We found this issue while upgrading from JDK 1.7 to JDK 1.8 on Adobe AEM. All 
of the bundle imports were cleaned up to migrate to the new JDK and everything 
works approrpriately on an Adobe AEM publisher instance. However in an author 
instance we get errors when the JVM is restarted and the bundles cannot be 
deployed again, our observations follow.

When we first deploy the code, it deploys successfully. If we restart the JVM, 
all of the bundles from our deployed package become undeployed and further 
attempts to install the package (even after complete deletion and removal of 
all packages, OSGi bundles, CRX directories, etc.) fail.
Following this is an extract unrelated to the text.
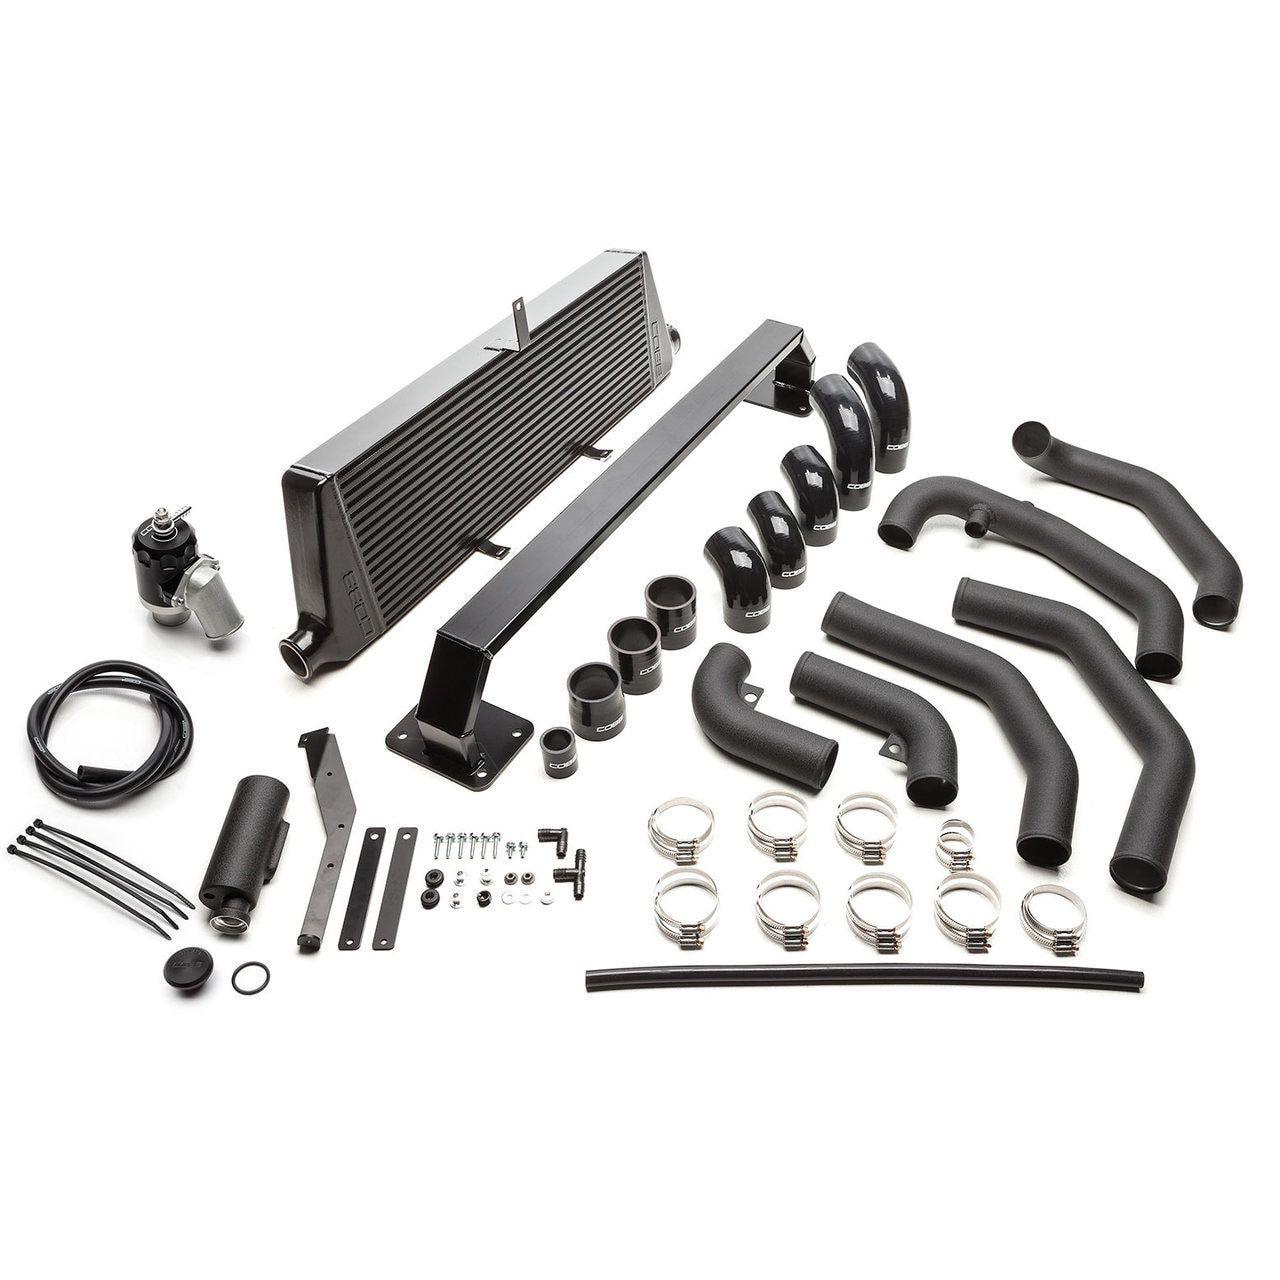 Cobb Front Mount Intercooler Kit (Black) For 1114 Subaru

Additionally once it's 
broken the only way back is to go to a backup of the and start again or to 
replace the digraph file (see below).

We have found a workaround:
- Install the package, which deploys all of the bundles into Felix OSGi
- In the OSGi webconsole (http://52.69.160.21:4503/system/console/vmstat) hit 
Restart and wait for all of the packages to complete loading.
- Now restart the JVM.

Following this procedure, everything works correctly.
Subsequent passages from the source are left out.